I second what neonfish said regarding N,P, & K. You'll fail miserably with that much light and CO2 without macro nutrient supplementation. Actually adding NO3 & PO4 to a tank really bothers most people new to keeping plants but they won't like you if you don't.


----------



## furballi (Feb 2, 2007)

Unless you're maxing out on light and CO2, the pH should not stress out the fish. If you're paranoid, then reduce the ppm of CO2 in the tank and also reduce the intensity and photo period. My light is on about 6 hours per day.


----------



## Mad Dog (Mar 3, 2007)

Well that sounds good then. I am glad to find out that this may not be as hard or as complicated as it was at first glance. Generally, I am only against using man made or unnatural chemicals to my tanks (e.g. meds, pH buffers) and so that is why I really want to try doing this without having to mess with those. My goal has always been to refrain from becoming a slave to one product or another, but of course, supplements are different and I obviously use them in my saltwater tanks all the time.

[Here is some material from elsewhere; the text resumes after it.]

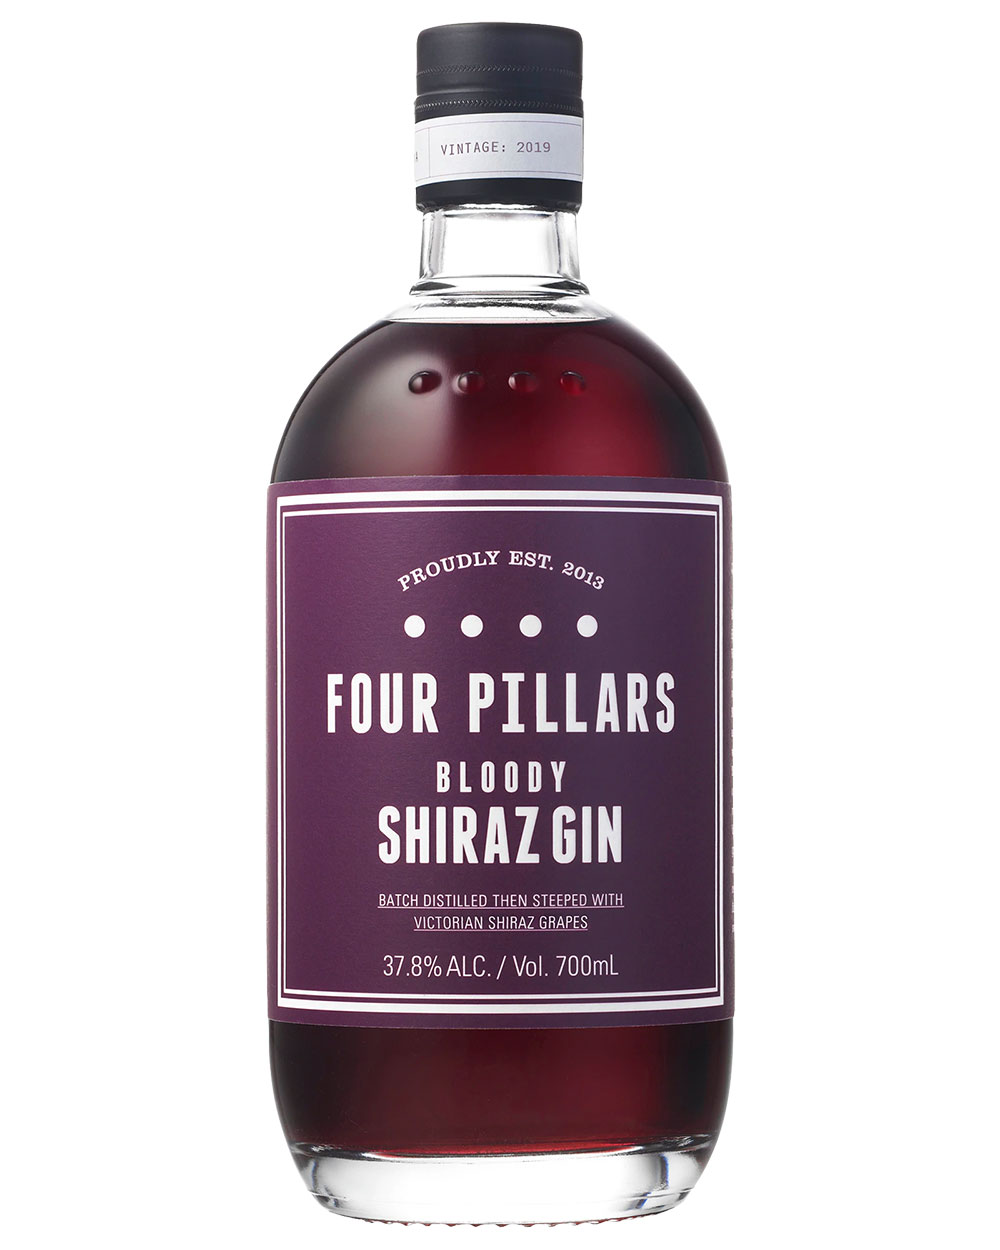 Four Pillars Bloody Shiraz Gin.

My PO4 levels in my tap water alone, believe it or not, have caused me a ton of trouble in my saltwater tanks initially and so that was my main basis for going to RO/DI water. I have had no issues with algae in my freshwater tanks though, but only because my stocking was generally based upon herbivores and if algae sprung up, I would simply feed less and poof, the fish would clean up for me. 

As far as products go, do you have any recommendations on which are better? Brand names would be good to know, but otherwise I am wondering if, for example, liquid supplements are better than dry varieties or the type that I would just push into the substrate. Also, connecting the dots a little bit here, I would assume that carbon filtration would take some of those supplements out of the water or is this not an issue? In the past, I have not used carbon...well, I would use it but I never replace it. Obviously right now, with the brand new filter, I also have fresh carbon in there, so I am wondering if I should just take it out or not worry about it at all like I have in the past?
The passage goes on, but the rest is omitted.